Python learning road 8-class

This series is a compilation of notes for the introductory book "Python Programming: From Getting Started to Practice", which belongs to the primary content. The title sequence follows the title of the book.
This chapter mainly introduces an important programming idea: object-oriented programming, including concepts and operations such as classes and objects.

Overview

Object-oriented programming (OOP) is one of the most effective ways to write software. Object-oriented thinking is also the way humans have known the world since ancient times, that is, "classification". In the past experience, the object-oriented idea that I am most impressed with is the classification of nature in middle school biology textbooks: Jiemen gangmu, genus and species. There are two concepts to understand here: class and object. Class is a general abstract concept, a generalization of a group of similar things, a virtual concept, and these "things" are objects, for example: the concept of "dog", this is a "class", even if it is specific A specific species, such as a husky, is also a class. Only when it is really specific to a certain dog, such as "your husky A", does it reach the concept of "object". To sum up: a class is an abstraction Yes, the object is actual . The process from a class to an object is called instantiation of a class .

Create and use classes

Create a Car class

In Python, class names generally use camel case, that is, the first letter of each word is capitalized instead of underscores, and both instance names and module names are lowercase and spliced ​​with underscores. And, whether you are writing functions, classes, or code files, it is best to add a docstring, such as the triple-quote string below.

class Car:
    """一次模拟汽车的简单尝试"""

    def __init__(self, make, model, year):
        """初始化描述汽车的属性"""
        self.make = make
        self.model = model
        self.year = year
        self.odometer_reading = 0  # 里程表

    def get_descriptive_name(self):
        """返回整洁的描述性信息"""
        long_name = str(self.year) + " " + self.make + " " + self.model
        return long_name.title()

    def read_odometer(self):
        """打印一条指出汽车历程的消息"""
        print("This car has " + str(self.odometer_reading) + " miles on it.")
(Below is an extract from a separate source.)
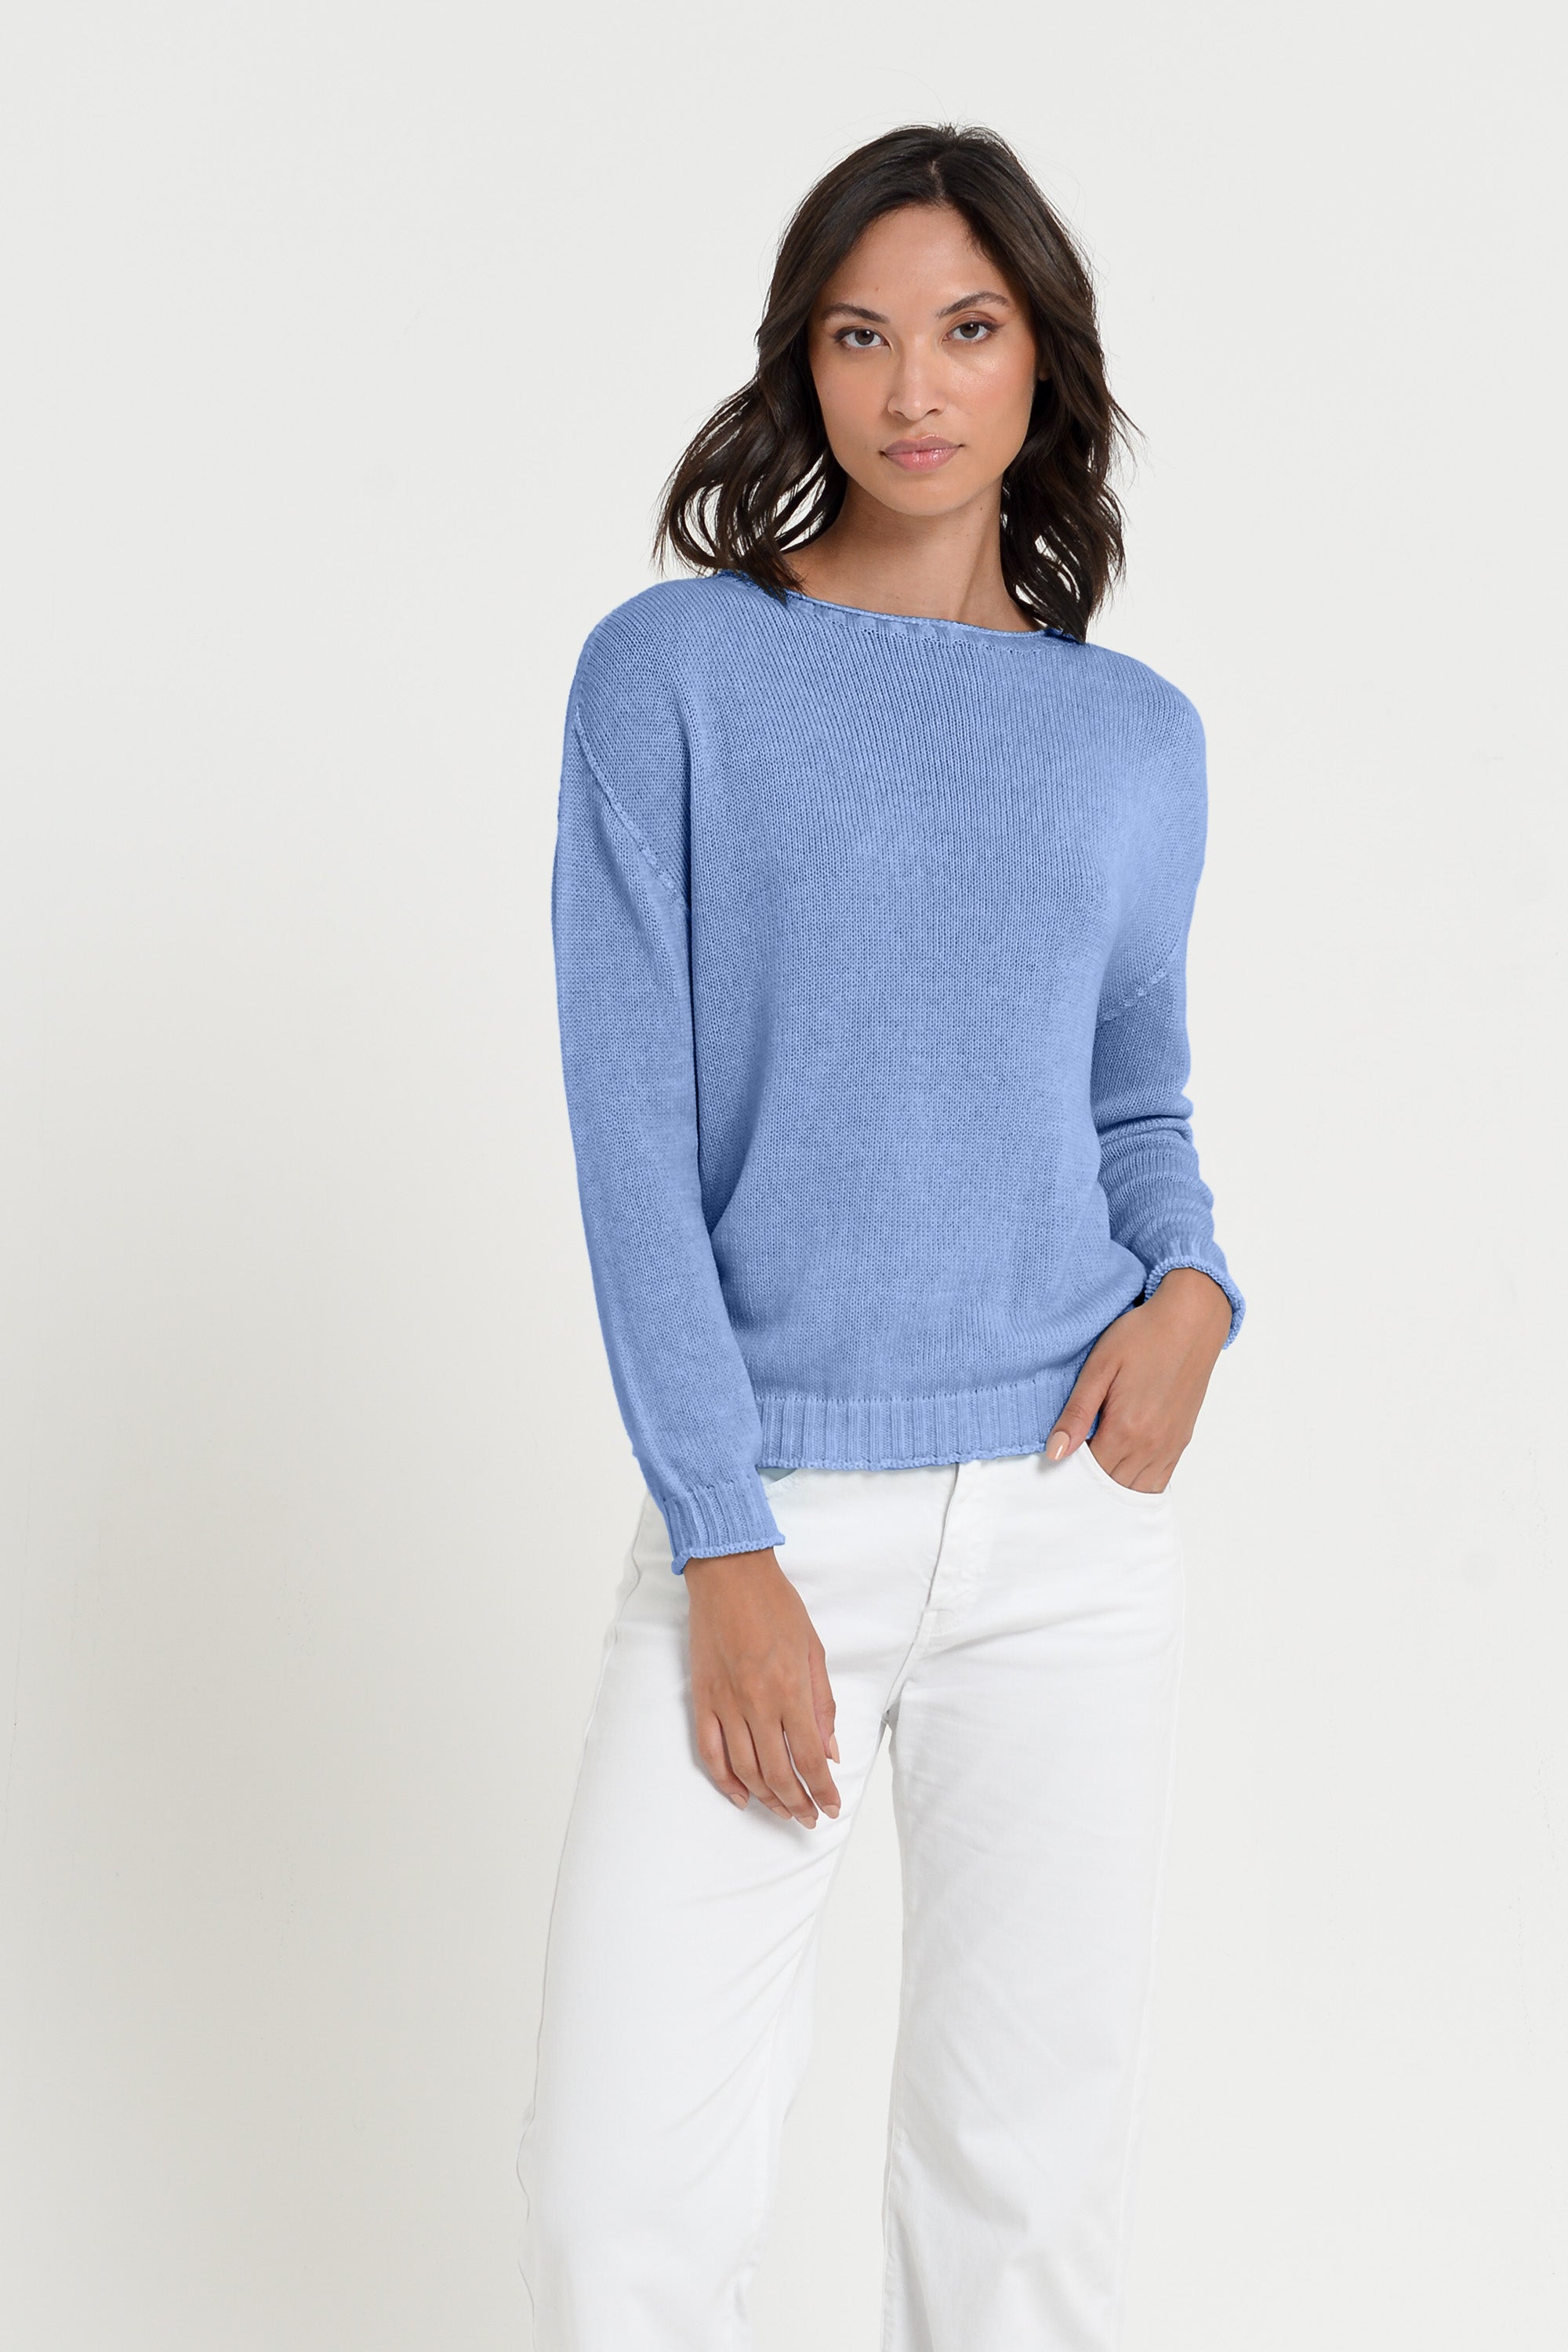 Vaze Knit - Women's Cotton Knit Sweater - Bay

    def update_odometer(self, mileage):
        """将里程表读书设置为指定的值,且禁止读数回调"""
        if mileage <= 0:
            print("Mileage must be bigger than 0!")
        elif mileage >= self.odometer_reading:
            self.odometer_reading = mileage
        else:
            print("You can't roll back an odometer!")
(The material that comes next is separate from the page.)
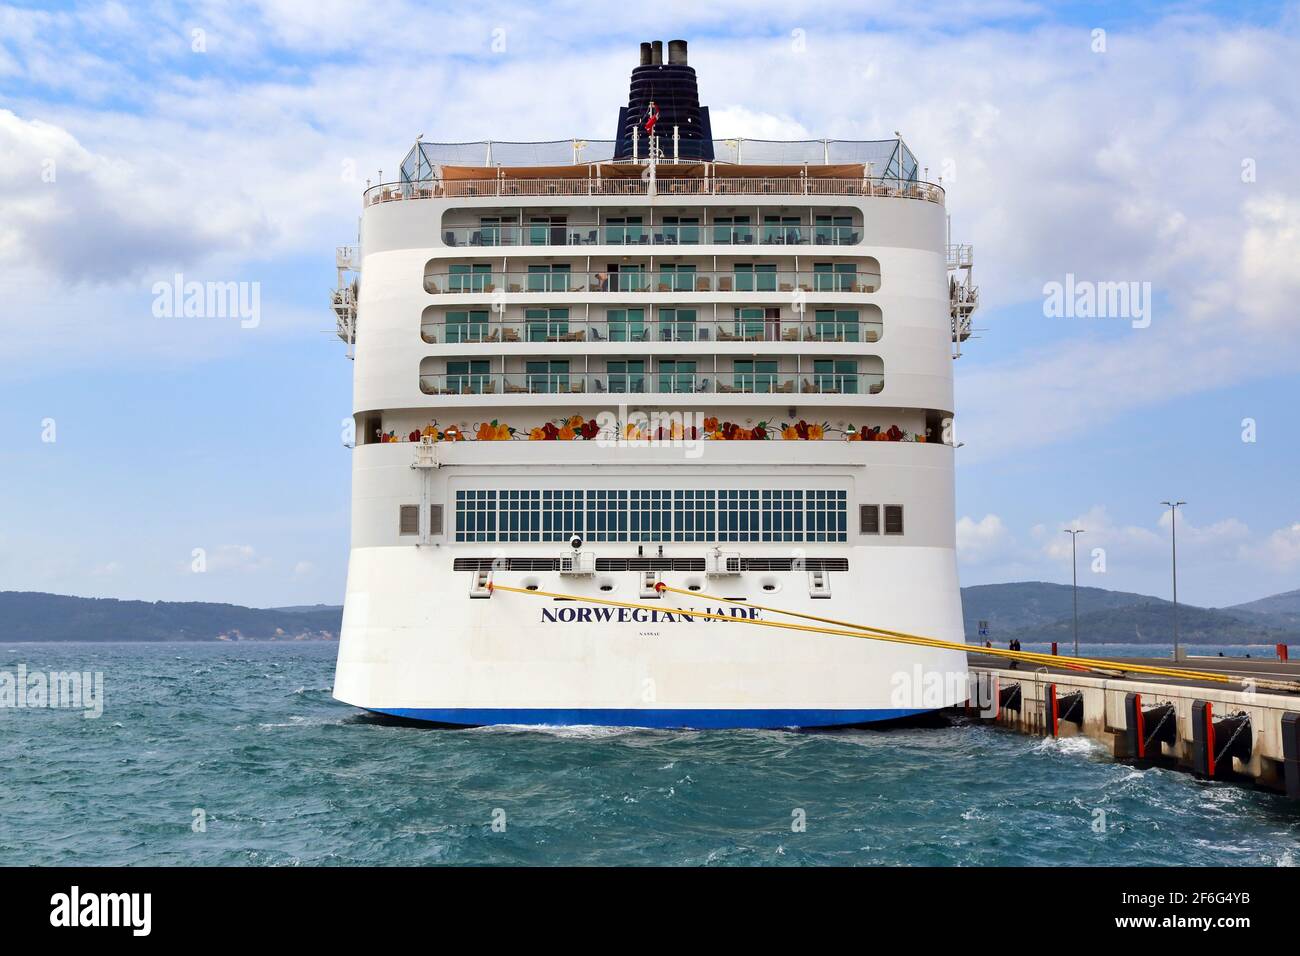 Stern of the Norwegian Jade cruise ship docked near Zadar, Croatia Stock Photo

    def increment_odometer(self, miles):
        """将里程表读数增加指定的量,且该量必须为正数"""
        if miles > 0:
            self.odometer_reading += miles
        else:
            print("Mile must be bigger than 0!")

    def fill_gas_tank(self):
        """将油箱装满"""
        print("The gas tank has been filled!")

Here are a few things to note:

① The functions in the class are called methods, such as the three functions defined above; selfthe variables bound to the class are called attributes, such as make, model, year(not referring to the three formal parameters , but the variablesself bound to them ).

②Every class must have a __init()__method, which is called a constructor (called a constructor in C++, but don't worry too much about whether it is a "method" or a "function", a thing is different in different places name only). Of course, it also has a default version, that is, there is only one selfparameter, and the function does nothing, which also means that you don't even need to define this method, and Python will automatically generate and call the default constructor, but "do not define the constructor. "It is estimated that this situation can only be encountered when the author is a beginner ^_^.

③The selfparameter in Python is the formal parameter that every non-static method in the class must have, and it must be placed first. It is a reference to the instance itself (not the class itself!), so that the instance can access the attributes in the class And method, we do not need to manually pass in the parameter when calling the method of the class, it will be passed in automatically. Attributes in a class can be accessed in all methods in the class, which is achieved through selfparameters. If you understand it from the perspective of C++, selfit is equivalent to a thispointer in a C++ class, pointing to the object itself.

④Each property in a class must have an initial value , even if the value is 0, an empty string or None. For example, for the four attributes in this example, the values ​​of the first three attributes are passed in by the user, and odometer_readingtheir values ​​are set to 0.

⑤ The class name in the first line of the above code Carmay or may not be followed by parentheses, that is, class Car:this way of writing is feasible, and class Car():this way of writing is also possible.

Use the Car class

The following code creates an object of class Car and performs simple operations on the object.

# 代码:
class Car:
    -- snip --     # 这不是一个Python语法!这里只是表示省略。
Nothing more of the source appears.